While the young and well-watered pods fixed CO2 from the atmosphere outside the pod, the rates of gas exchange were at best only 5% of those in subtending leaves. This suggests that the gas exchange by the pod is only a minor contributor to seed filling in chickpea. Saxena and Sheldrake also came to the same conclusion from experiments in which chickpea pods were exposed to full sunlight during seed filling (Saxena and Sheldrake, 1980). According to Flinn et al., the fruit's respiratory output at night in the well-watered field pea was always in excess of its daytime gain of CO2 from the atmosphere so that overall it was in negative balance for carbon throughout its life (Flinn et al., 1977). Low carbon fixation by pods has also been reported in common bean (Crookston et al., 1974), and rapeseed (Singh, 1995). Sheoran et al. found that covering the pod with aluminium foil from day 3 after flowering reduced seed dry weight by 20% and concluded that the pod CO2 exchange contributed 20% to the seed yield (Sheoran et al., 1987). This conclusion assumes that all the CO2 uptake by the pod is utilized for seed growth, whereas in early pod development most of the dry matter is used for the growth of pod wall (Davies et al., 1999). In addition, when the pod is covered, not only fixation of atmospheric CO2 is inhibited, but also any CO2 recycling inside the pod would be reduced.

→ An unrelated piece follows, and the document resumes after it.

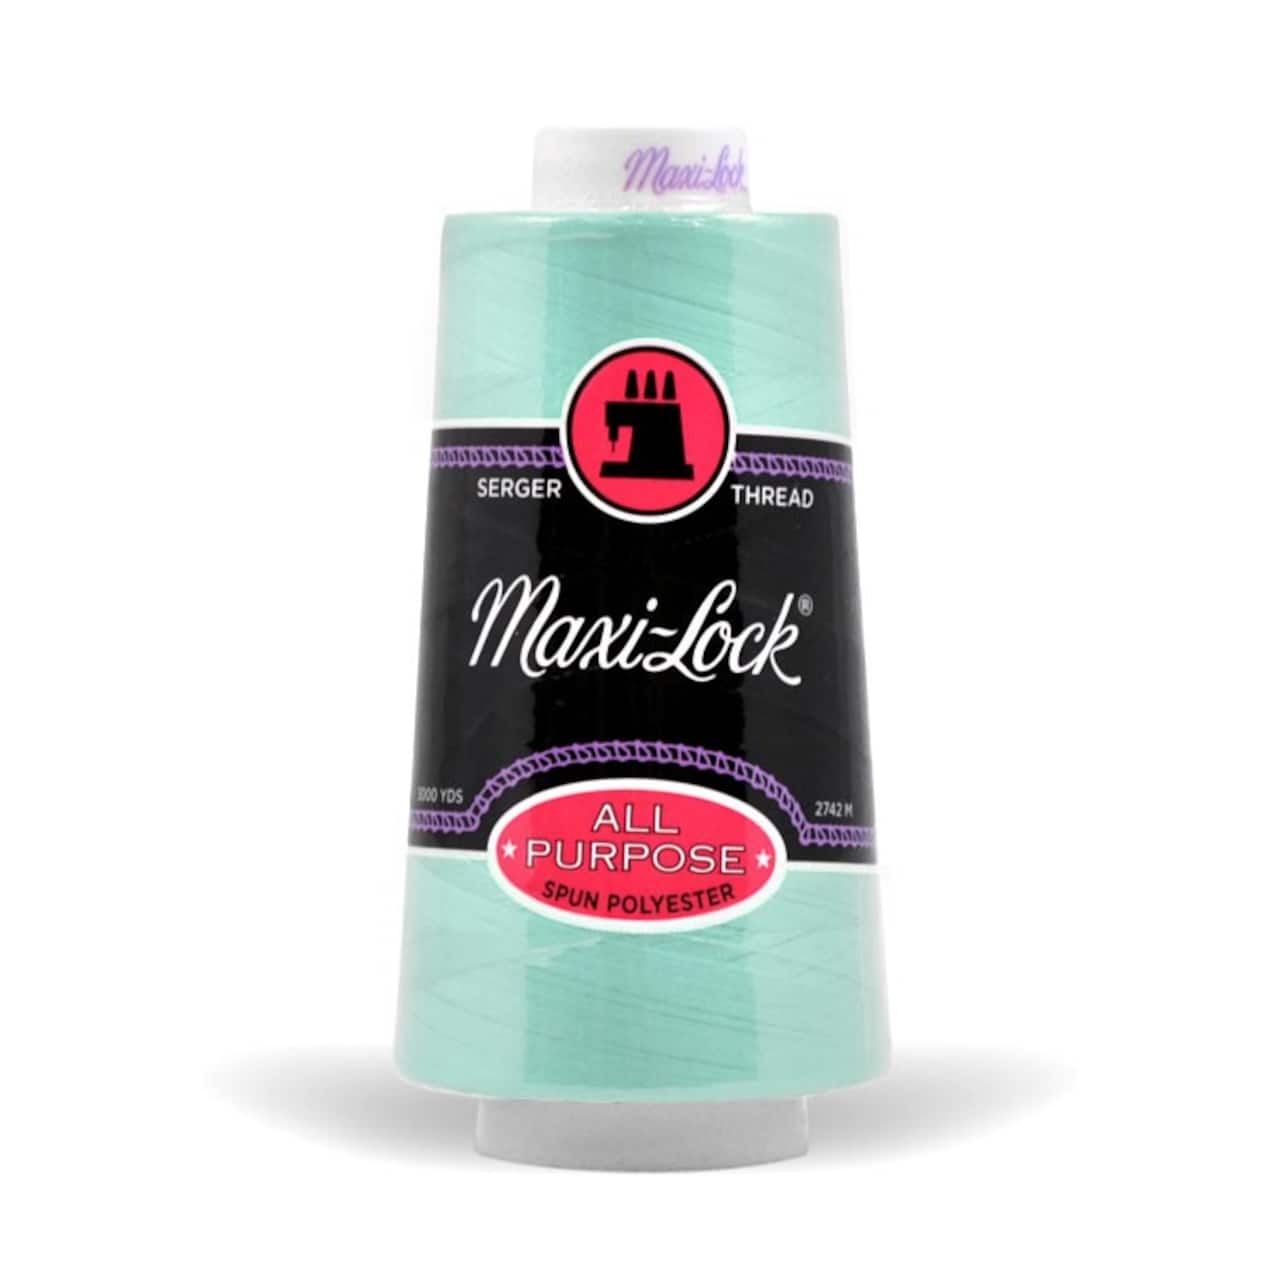 Maxi-Lock Serger Thread - Turquoise

The measurements in this study indicate that the gas exchange with the atmosphere by the pods is unlikely to compensate for the stress-induced reduction in current assimilate for seed growth. As a previous study has shown that the carbon accumulated during vegetative growth by the pod wall, leaves, stems, and roots and redistributed to the seed contributed only 20% of the carbon in the seed (Davies et al., 2000), there is still a considerable proportion of carbon needed for seed growth that is unaccounted for from these sources. Previous studies have suggested that the inner epidermis of the pod wall in well-watered pulses and the embryo of rapeseed is effective in refixing CO2 respired by the seeds (Flinn and Pate, 1970; Flinn et al., 1977; Sheoran et al., 1987; King et al., 1998), thereby reducing losses of carbon by respiration. In common bean, the total CO2-fixing capacity through recycling within the pod was estimated to be 26% of that of the subtending leaf (Crookston et al., 1974), and in field pea the inner pod wall was estimated to be capable of refixing 66% of the CO2 released by the seeds into the gas space in the light (Atkins et al., 1977). However, studies have not previously been undertaken in pods of water-stressed pulses. In Experiment 2, the CO2 concentration inside the pods changed diurnally, showing high values at 06.00 h (predawn) and 18.00 h (sunset), but lower values during the day particularly in the morning. The decrease of CO2 concentration inside the pods during the day clearly resulted from CO2 fixation within the pod and not by the leakage to the external atmosphere since the pod showed positive net CO2 gain from the atmosphere at times when the CO2 concentration inside the pod was decreasing. The decrease in CO2 between 06.00 h and 09.00 h in Experiment 2 indicates that the pods fixed 0.9 µg carbon per pod during this 3 h period. The fixation at this rate occurred in both the WW and WS plants. Indeed, the rate of CO2 recycling (gross photosynthesis) inside the pod of 0.7–1.0 µmol g-1 s-1 near midday in the WW and WS plants, respectively, compares favourably with the rate of net photosynthesis of 0.8 µmol g-1 s-1 in the leaves of the WW chickpea when measured at the same time of day and expressed on the same dry weight basis.
The similarity in carbon fixation inside the pod of WW and WS plants was also seen after 13CO2 was injected into the cavity of young pods, suggesting that the recycling of CO2 in the pod was unaffected when chickpea plants were subjected to water-stress. Indeed, the detailed diurnal studies of CO2 concentrations inside the pod in Experiment 3 showed that gross photosynthesis inside the pods was at least as high in the WS than as the WW plants, possibly as a result of the higher internal rates of respiration arising from the faster rates of initial seed growth in the WS pods (Davies et al., 1999). Covering the pods to generate high initial CO2 concentrations inside the pods resulted in high CO2 fixation rates in both the WW and WS plants. The linear relationship between gross photosynthesis and initial CO2 concentration inside the pods (Fig. 5) suggests that the internal CO2 recycling was very efficient and the low rate of respiration of the external pod wall in the dark (Fig. 1) suggests that there is a high resistance to CO2 diffusion within the pod wall itself. The recycling of CO2 inside the pod under water-stressed conditions presumably reduced carbon losses to the atmosphere and increased the utilization of carbon, allowing continued seed growth even though the plants were subjected to terminal drought. However, the re-fixation of CO2 respired by the seeds depends on a supply of carbon from elsewhere, such as the redistribution from the leaves and stems (Davies et al., 2000) and from the low but positive rates of photosynthesis in the leaves of water-stressed chickpea that were observed in this study and in the field (Leport et al., 1998, 1999).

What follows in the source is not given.